A series of early international tournament exits in the last year have placed question marks over the quality of English footballers. Unsurprisingly, the finger of blame has yet again been pointed at the system responsible for developing young players. Zarif Rasul investigates the English youth development system.
THE diminutive young Nigerian Olarenwaju Kayode skips down the left-hand side of England’s box, and whips a superb ball across the face of Jack Butland’s goal. The ball eludes almost everyone and lands at the grateful feet of Edafe Egbedi, who duly smashes home. Fifty-two minutes gone, and Nigeria lead England 1-0 at the Centenario de Armenia stadium in their FIFA Under-20 World Cup 2011 last-sixteen clash.
Despite the valiant attempts of Blackpool winger Matt Phillips, Nigeria hold onto their advantage for the remaining 38 minutes and dump England out of the tournament. England coach Brian Eastick bemoans the failure of clubs to release eligible players, but admits that his side’s performances in Colombia, which failed to see them score a single goal in four outings, are indicative of failure.
The Under-20s were not the only group of young Lions to follow in the underwhelming footsteps of the senior side. Seven weeks earlier, and less than a year after England’s 4-1 humbling at the hands of Germany in South Africa, Stuart Pearce’s highly-touted Under-21 side left Denmark having failed to make it out of the group stage of the European Under-21 Championship.
This recent run of ignominious international tournament exits has sparked another witch-hunt to find the scapegoat responsible for England’s failures. And yet again, critics have been quick to point to the perceived technical inadequacies of English players and flaws within the youth development system.
Overplayed and under-coached
The current system, which has been in place since 1998, is drawn from Howard Wilkinson’s landmark 1997 report Charter for Quality. As Technical Director at the FA, Wilkinson was commissioned to undertake a comprehensive review of the existing youth development structure at the time. This review laid the foundations for the Charter.
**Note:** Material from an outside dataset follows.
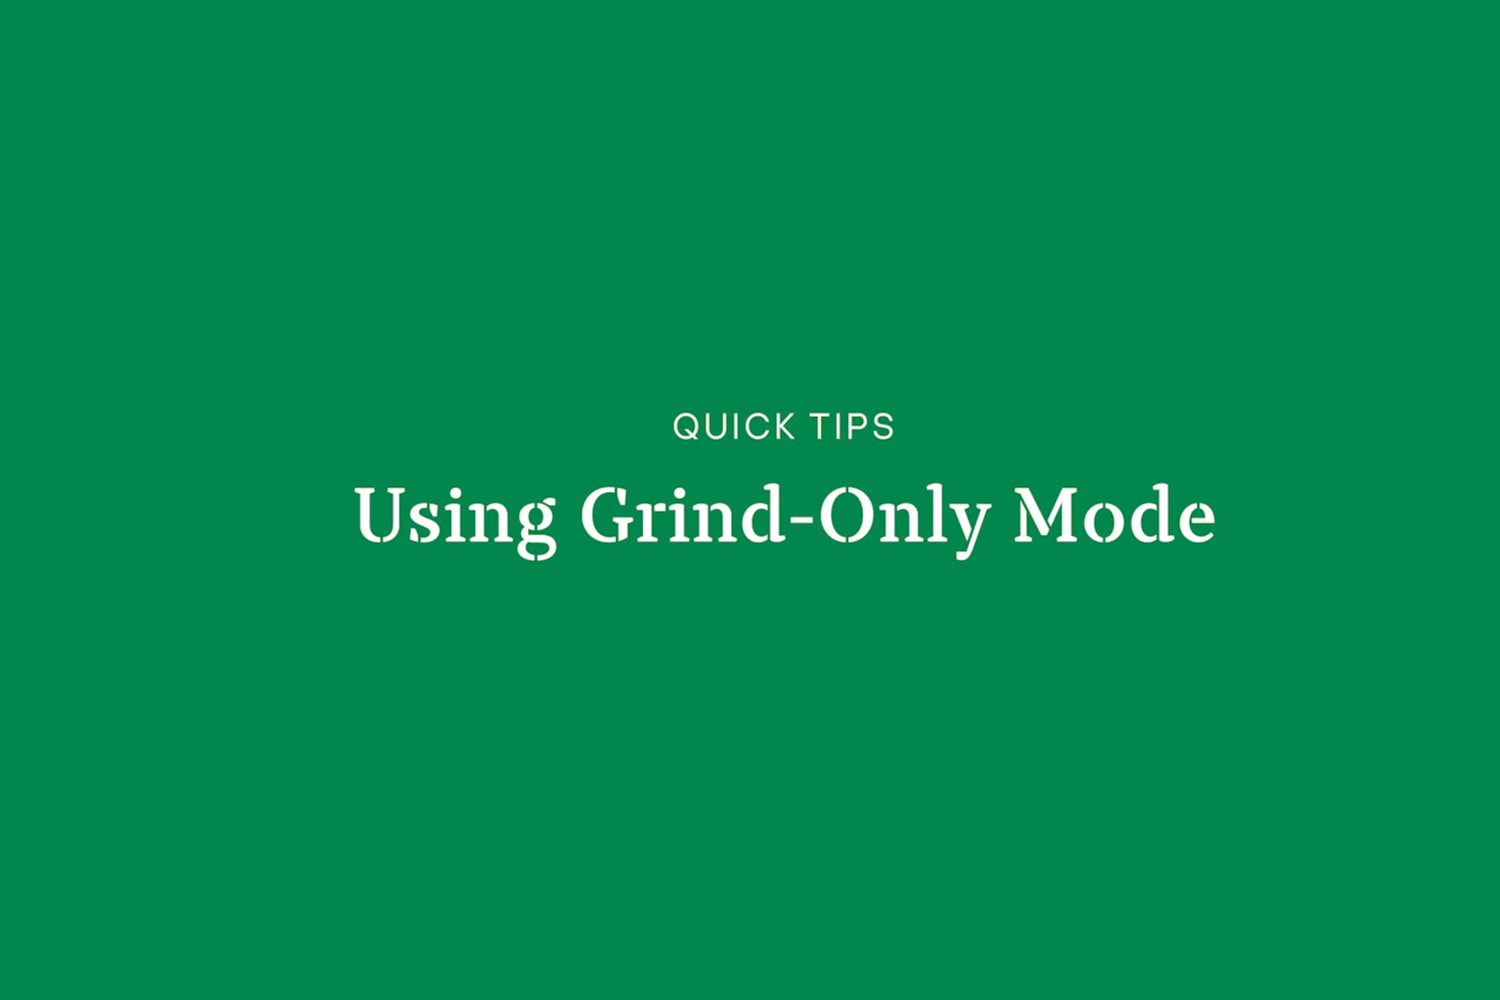 A bright green video poster with a white-lettered title: “Quick Tips: Using Grind-Only Mode.”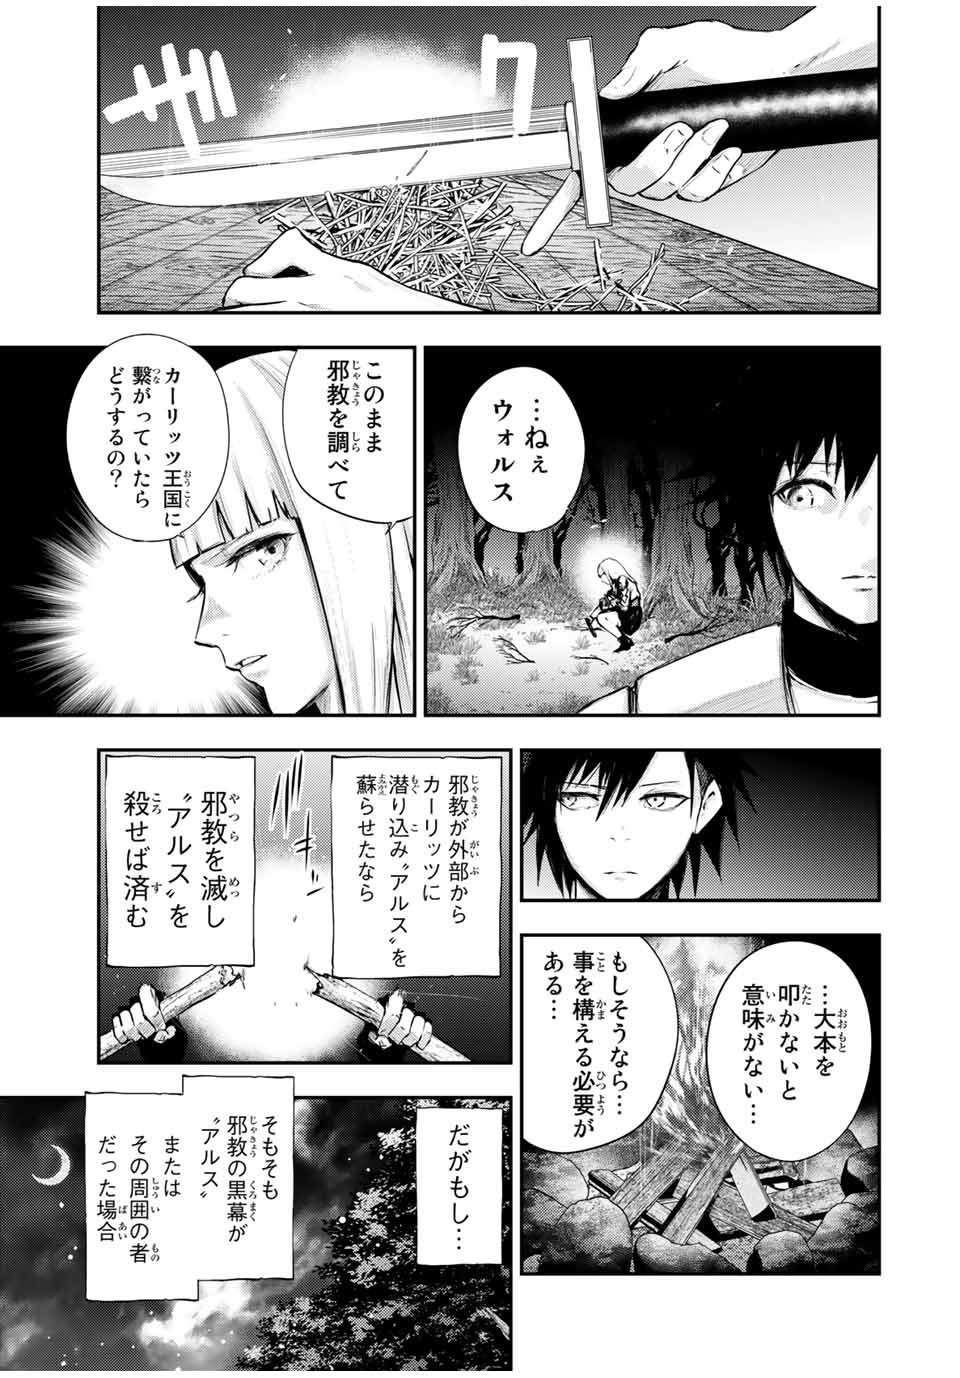 the strongest former prince-; 奴隷転生 ～その奴隷、最強の元王子につき～ 第27話 - Page 3

During the 1990s, concerns had developed over the amount of coaching contact time and playing time young footballers were engaged in. Wilkinson says that dealing with these problems was a key priority.
“Youth development in professional clubs was confined to the then Centres of Excellence. Some of them would be very lucky to get to a Centre of Excellence [for coaching] for about an hour and a half a week.
“The best players at 15 years old, would be playing over 100 games a season because as well as being registered with, say, Tranmere Rovers’ Centre of Excellence, or Liverpool’s Centre of Excellence, they would also be playing for their school, their district, their county and the national team.”
Playing too many competitive matches was seen to be detrimental to the development of young footballers.
Ben Marskell, an ex-professional footballer who enjoyed spells with Brentford and Luton in the 1990s, was forced into early retirement due to a series of recurring injuries. As a youth player Ben trained with Chelsea and Aston Villa, and was considered one of the best defenders in the country. Now running his own soccer school in West London, he describes the rigorous playing schedule that elite youth players often had to adhere to.
“Sometimes, I would have to play three matches a day. I’d go from one pitch to the next – because when you’re a good player, everyone wants a piece of you, and you just get stretched and pulled each way,” he explained.
He believes that overplaying as a teenager eventually caught up with him and forced him to retire early.
“Overuse injuries made me stop. It wasn’t one injury that finished me, it was an accumulation of injuries. I would probably be playing at the top level now if I hadn’t had those injuries.”
A Charter for Quality
Wilkinson’s report, which he wrote soon after he joined the FA, revolutionised the youth development landscape and gave birth to Academies.
“The Charter for Quality was about creating more and more effective coaching time, and more quality practice and quality playing time,” he said.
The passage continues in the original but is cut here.